AIM OF THE TASK: Although the data below contains pictures, output only the lines between those holding "Woodline 28mm 35mm Curtain Pole Rosewood" and "Photograph of a", inclusive, exactly and without those pictures.

DATA PROVIDED:

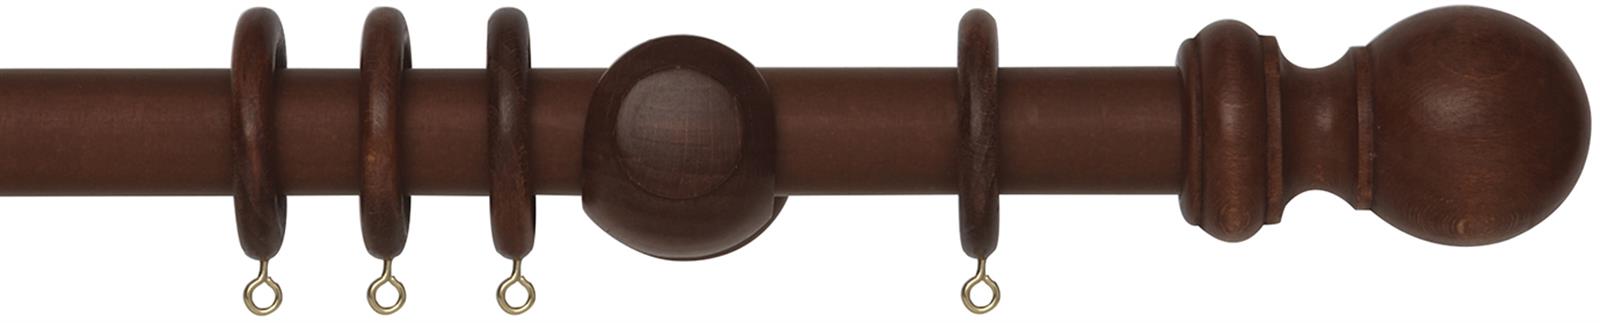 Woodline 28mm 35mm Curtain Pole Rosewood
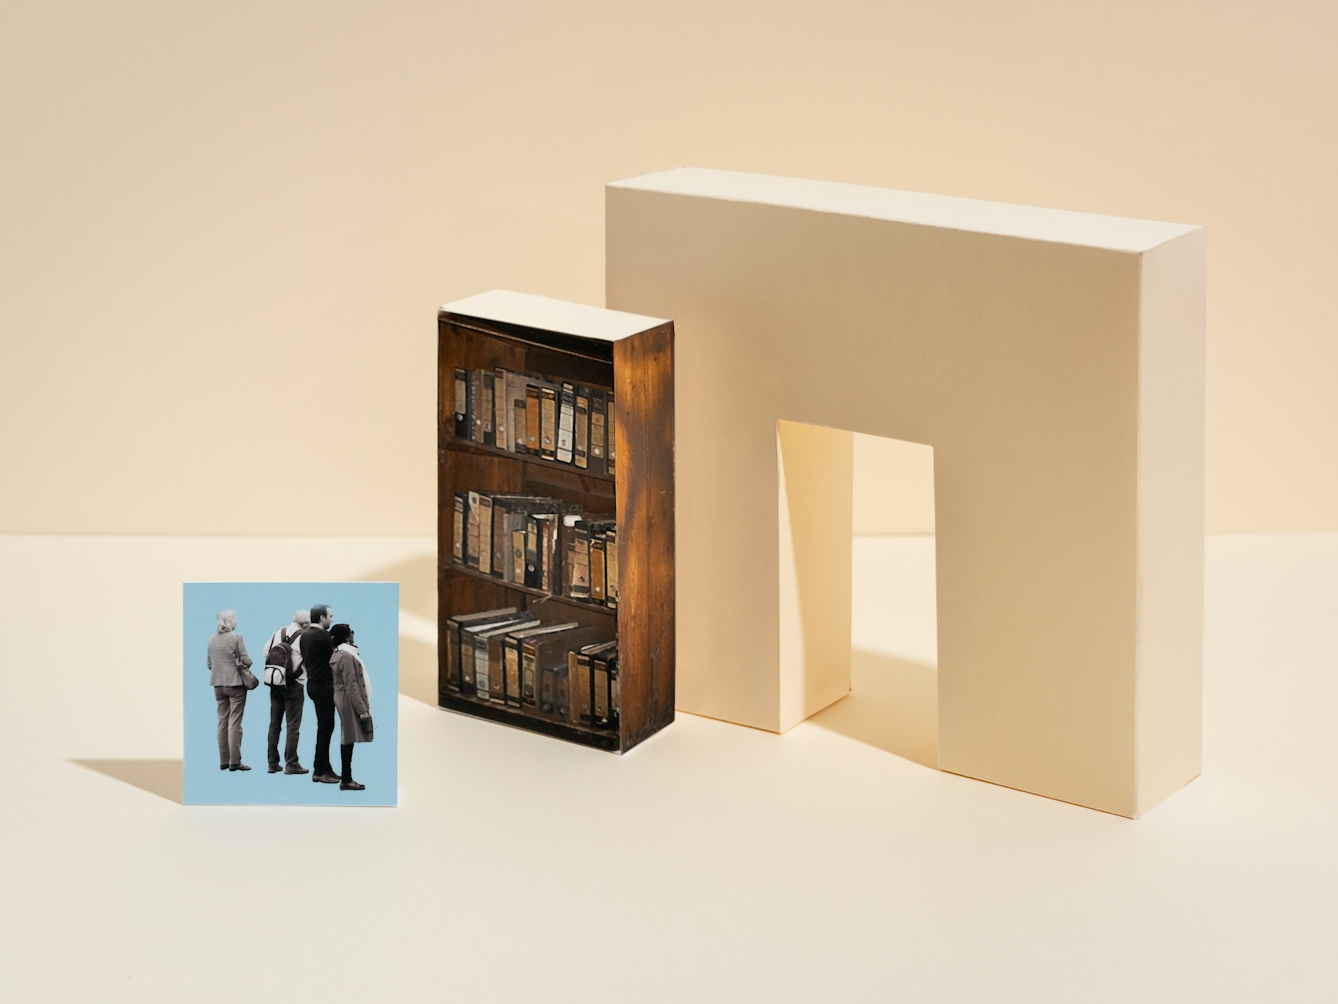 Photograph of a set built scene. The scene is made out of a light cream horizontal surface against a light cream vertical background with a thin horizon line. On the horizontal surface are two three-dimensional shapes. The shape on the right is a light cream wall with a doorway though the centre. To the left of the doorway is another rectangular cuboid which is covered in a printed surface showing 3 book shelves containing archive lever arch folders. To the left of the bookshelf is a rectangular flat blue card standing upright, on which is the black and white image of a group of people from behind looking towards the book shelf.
==
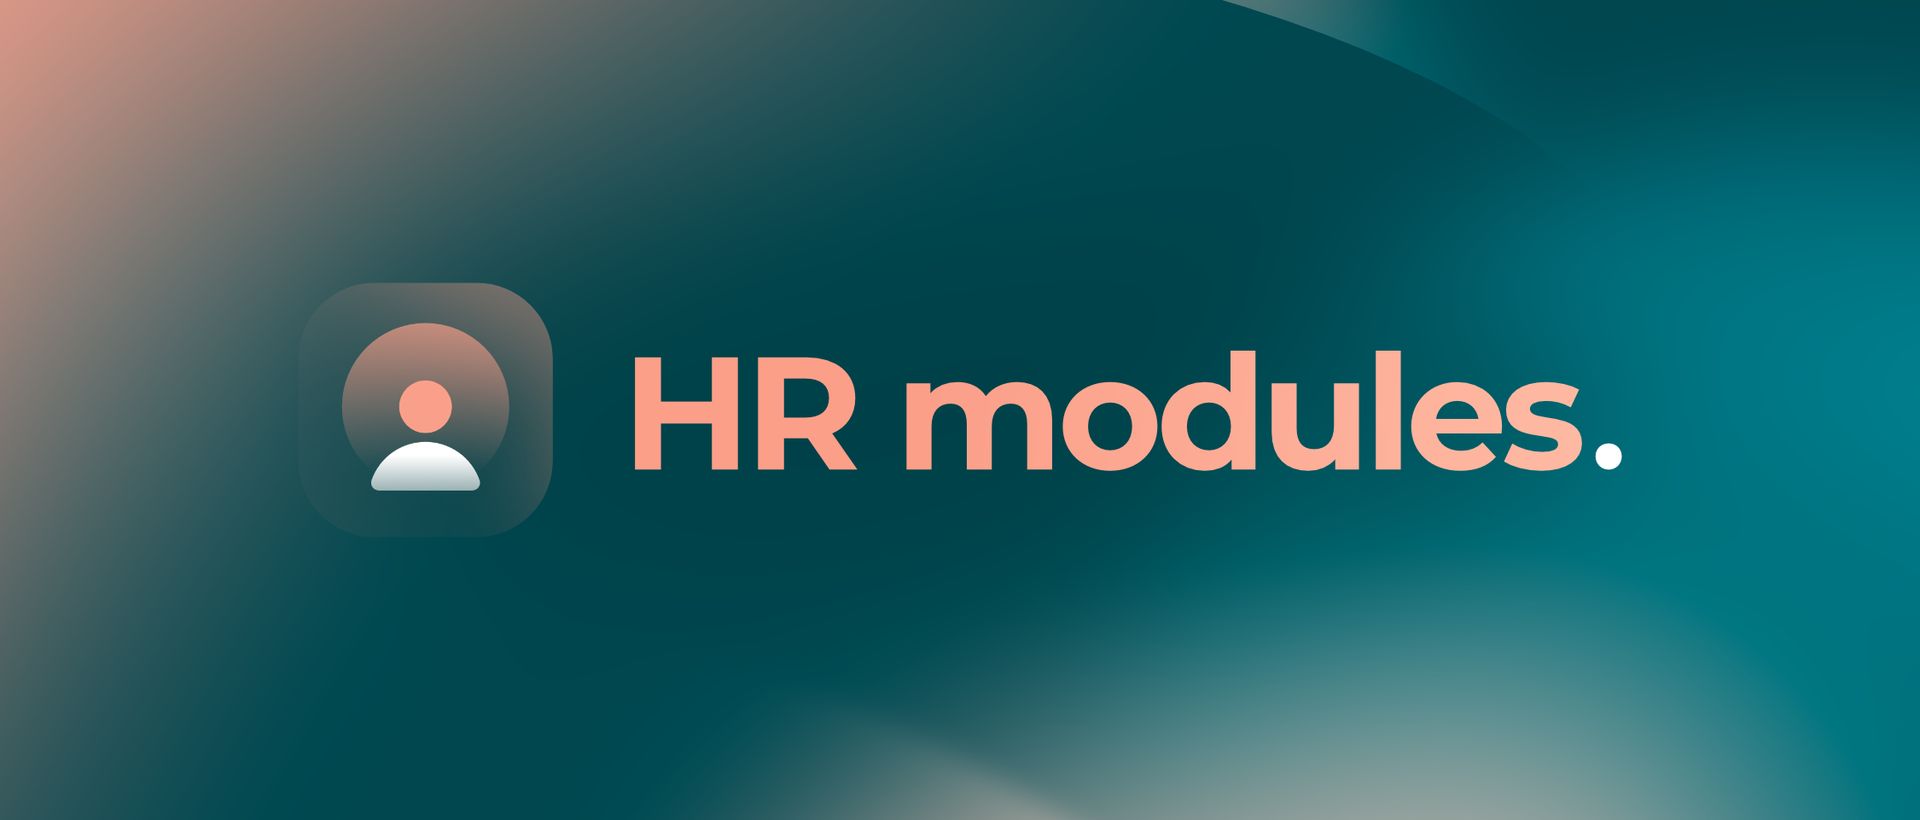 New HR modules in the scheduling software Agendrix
--
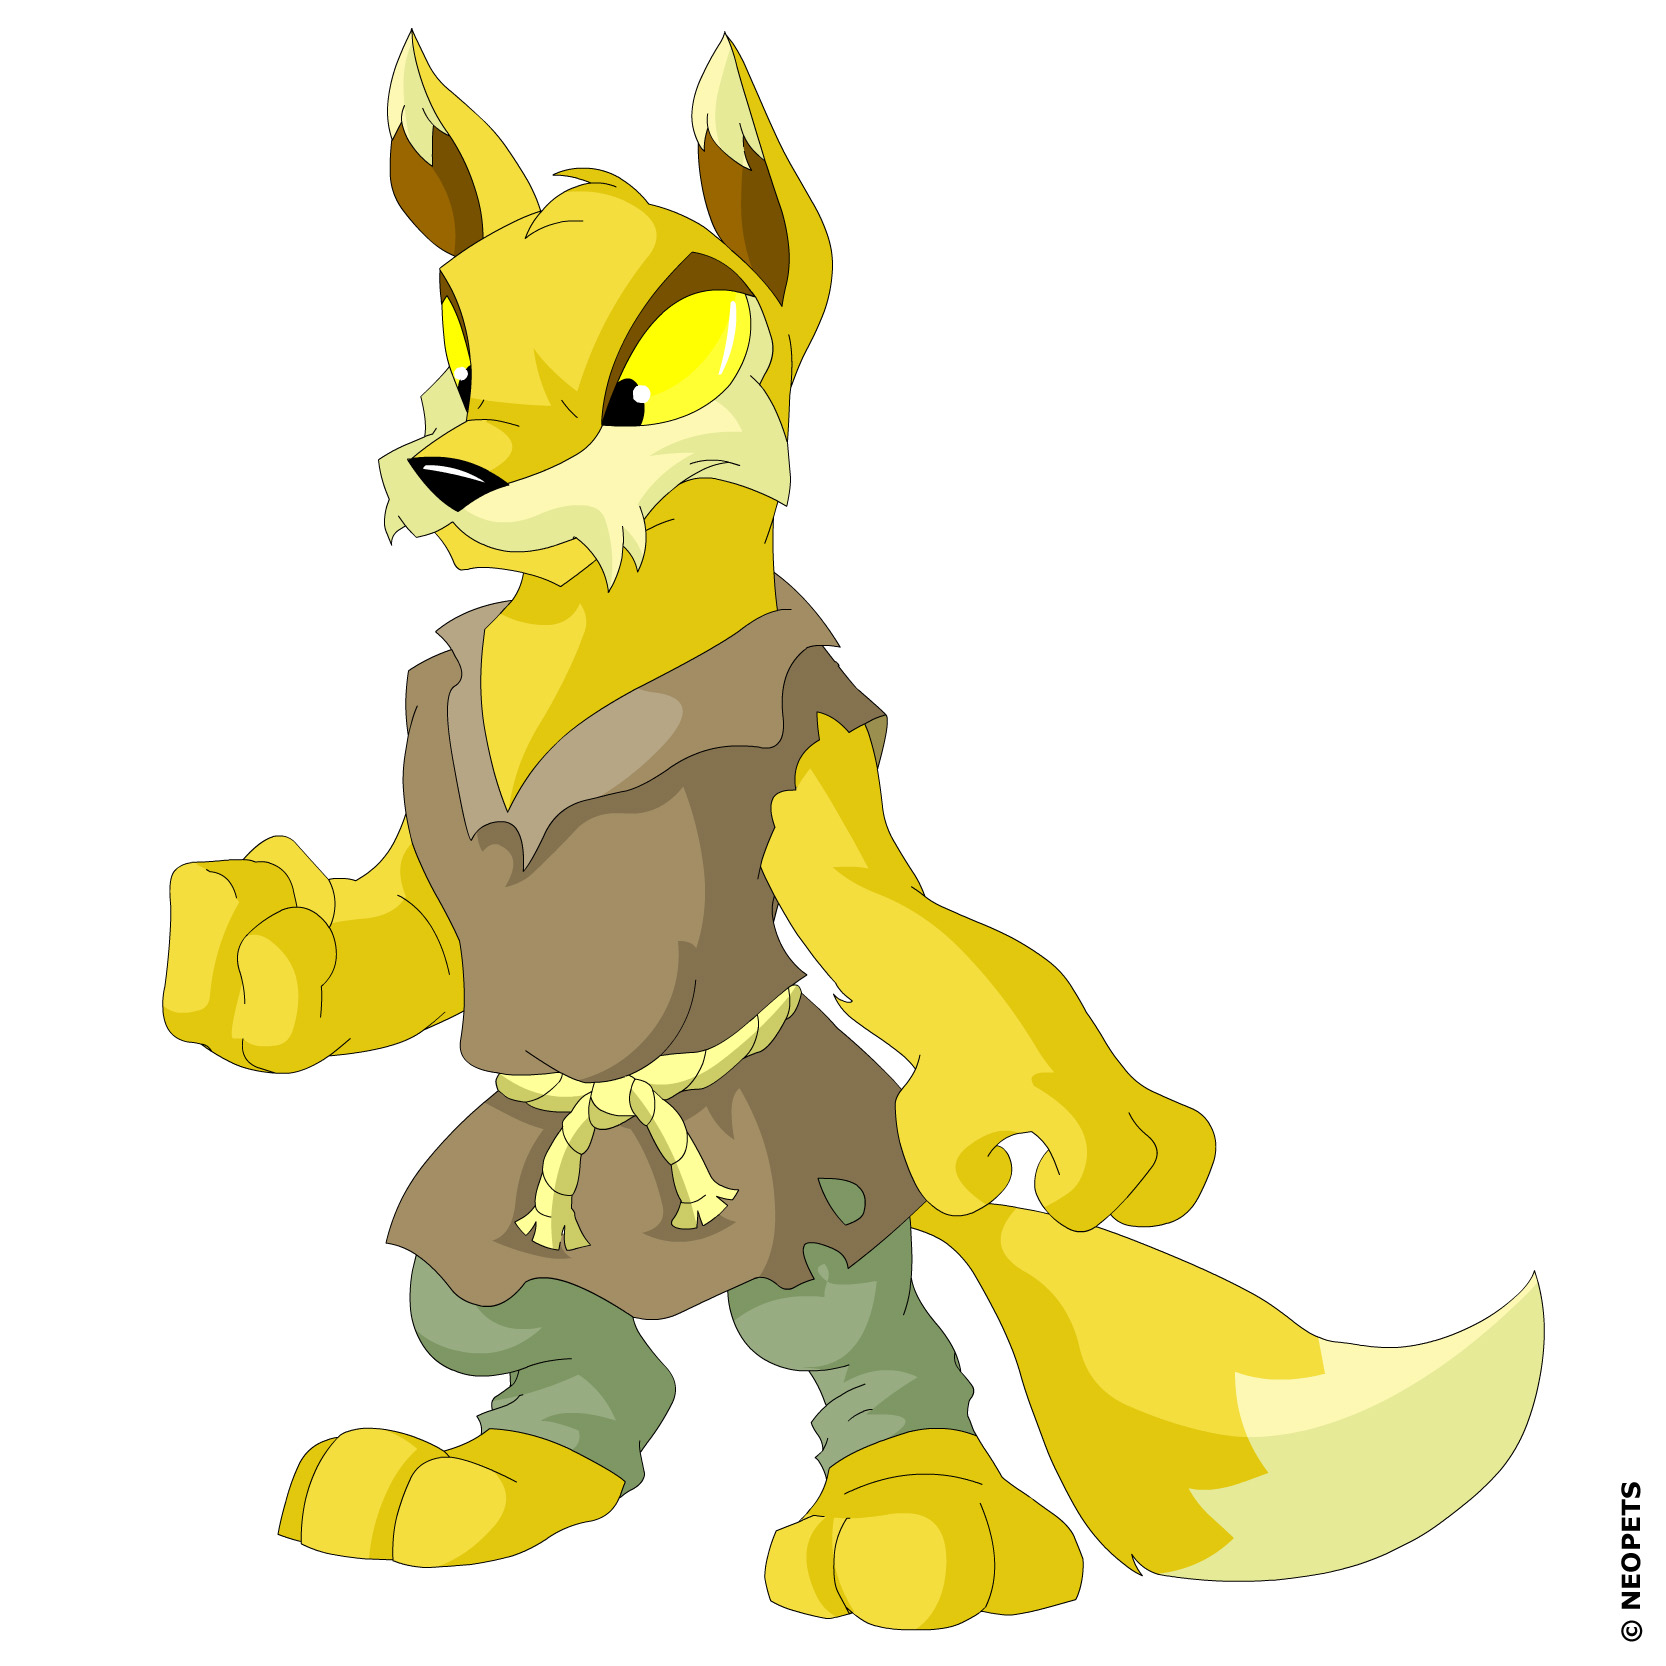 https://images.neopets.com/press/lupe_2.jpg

RESULT FOR THIS EXERCISE:
 Woodline 28mm 35mm Curtain Pole Rosewood
 Photograph of a set built scene. The scene is made out of a light cream horizontal surface against a light cream vertical background with a thin horizon line. On the horizontal surface are two three-dimensional shapes. The shape on the right is a light cream wall with a doorway though the centre. To the left of the doorway is another rectangular cuboid which is covered in a printed surface showing 3 book shelves containing archive lever arch folders. To the left of the bookshelf is a rectangular flat blue card standing upright, on which is the black and white image of a group of people from behind looking towards the book shelf.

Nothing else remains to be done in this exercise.